Vietnam must develop national brands for fruit products to increase added value and competitiveness in international markets, experts said.
Although fruits bring in billions of U.S. dollars in export revenue annually, Vietnam has no well-established fruit brands.
“When talking about apples, we think about the US,” said Nguyen Dinh Tung, Director of Vina T&T Import-Export Company. “Talking about kiwis, we think about New Zealand. Talking about melons, we think about Japan. Talking about Monthong durians, we think about Thailand. Talking about Musang King durians, we think about Malaysia… Meanwhile, Vietnam, where many types of fruits are grown, does not have any famous fruit brands.”
Tung said Vietnam has Ri6 durian, which could compete with durian from Thailand and Malaysia in terms of quality and is chosen by many companies as an export product.
However, it is still falling behind in terms of brand identity and value.
“Because there is no brand, the price of Ri6 is always about 20% lower than Monthong and much lower than Musang King,” he said.
Le Thi Kieu Oanh, Director of Apple LLC, which exports Vietnam’s agricultural products to Japan, said Japan imported dragon fruit from Vietnam, but only 10% were sold at supermarkets under Vietnamese brand names.
According to Ta Duc Minh, Vietnamese Trade Counselor in Japan, Vietnamese lychees are exported to many countries and have become popular with the Japanese market.
However, Vietnamese lychees remain inferior to their Japanese counterparts in terms of economic value, even though Japan does not have a production advantage in lychees.
Japanese lychees are grown in Miyazaki over an area of around 10,000 hectares, and Japan has built a brand for its lychees as a precious fruit. There was a time when each Japanese lychee was sold for as much as $10 each, and people still waited in line to buy them, Minh said.
According to Tung, Vietnam must develop national fruit brands to increase their value and competitiveness in the international market.
“We should select several types of fruits to build national brands for,” Tung said. “Like New Zealand, this country successfully built brands for kiwis, which have markets around the world with the export value of over $3 billion per year, equal to the whole fruit and vegetable export of Vietnam.”
To build fruit brands of national pride, Tung said it was necessary to pay attention to factors including varieties associated with soil, Vietnamese culture, quality, food hygiene and safety, planting area, high yield and preservation technology.
Tung said that grapefruit, coconut and durian were fruits with large potential for export.
He said that to build national fruit brands, it was vital to control the granting of geographical indication certificates strictly.
Each type of fruit is only suitable for the climate and soil of certain localities. However, many kinds of fruit, such as pomelo, dragon fruit and lychee, are grown all over the country, which can affect branding, according to Tung.
Therefore, it is important to select products associated with local culture and history to grant and manage geographical indication certificates.

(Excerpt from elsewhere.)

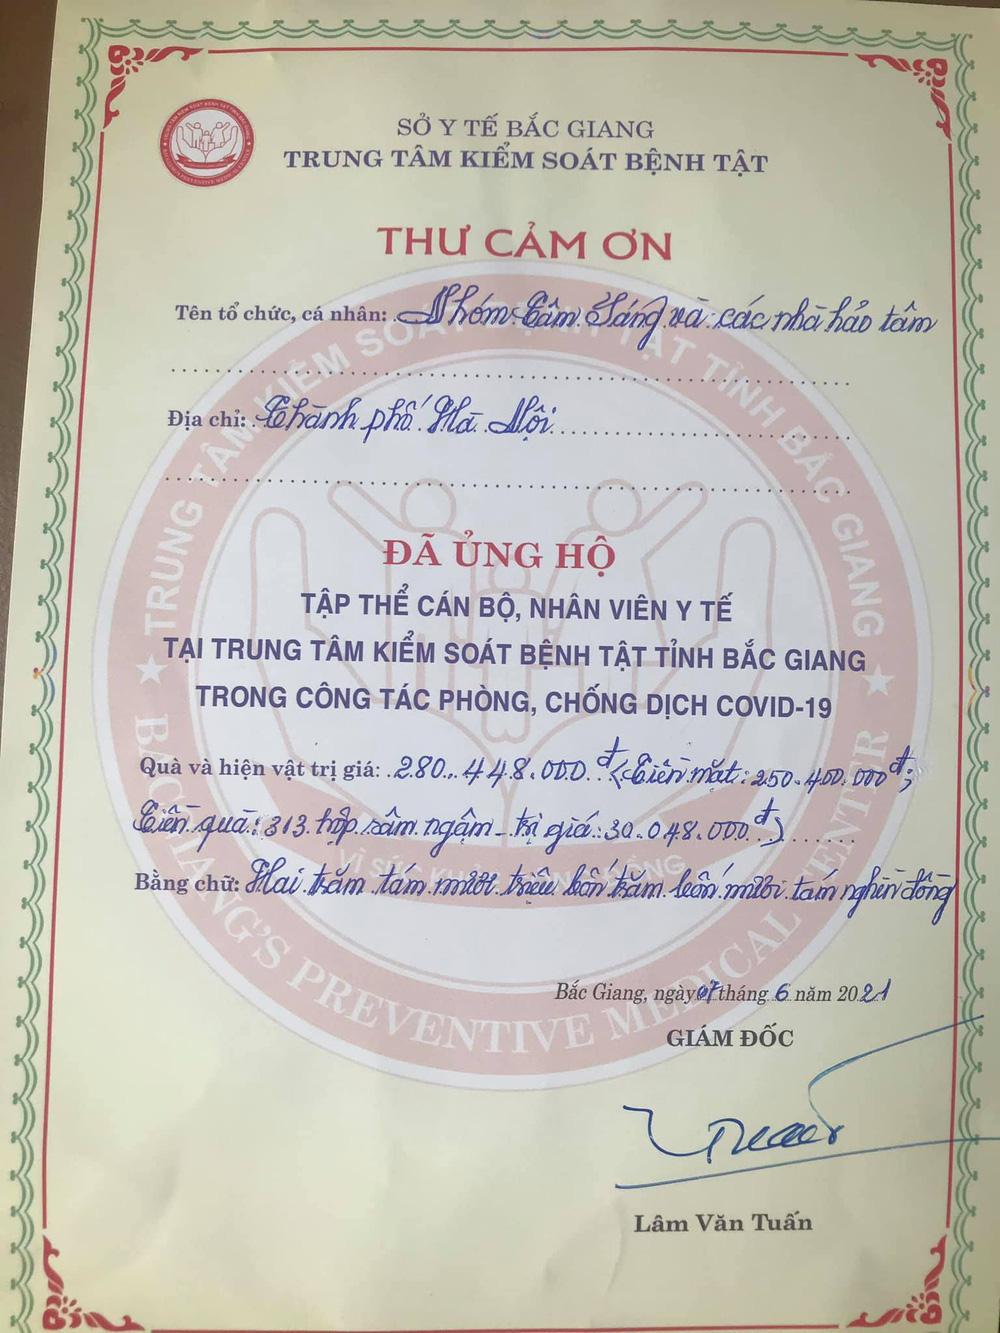 Lời tri ân từ Bộ đội biên phòng Tây Nam và các chiến binh xét nghiệm Bắc Giang - Ảnh 12.

For example, the best quality coconuts are from Ben Tre province, lychees from Bac Giang and Hai Duong, white-flesh dragon fruit from Binh Thuan and red-flesh dragon fruit from Long An. Vietnam could choose typical products of each locality and upgrade them to national brands.
Ngo Tuong Vy, General Director of Chanh Thu Company, said that among dozens of fruits exported, Vietnam could choose from three to five fruits to focus the resource on to build brands of Vietnam’s pride.
“It’s time for Vietnamese fruits to focus on improving quality and adding cultural and creative elements to farming methods so that products contain stories that appeal to consumers,” Minh said.
Minh pointed out that Japan focused on the quality of some world-famous fruits of the country. Even output was controlled to maintain selling prices. For some, special farming techniques were incorporated into the story to ensure the best quality.
Building national brands and quality management databases and traceability systems would be the focus of the Ministry of Agriculture to increase the export value, Deputy Minister Tran Thanh Nam said, adding that growth should not be based on output any longer.
He said that the agriculture ministry must work with the Ministry of Industry and Trade to propose to the Government a program to build national brands for agricultural products.
The branding should also be integrated with a digitalization process in traceability, field diary, fruit chain management, and registration and protection of fruit brands in foreign markets.
Vietnam’s export of fruit and vegetables reached nearly $3.34 billion in 2022, 80% of which were fruit exports.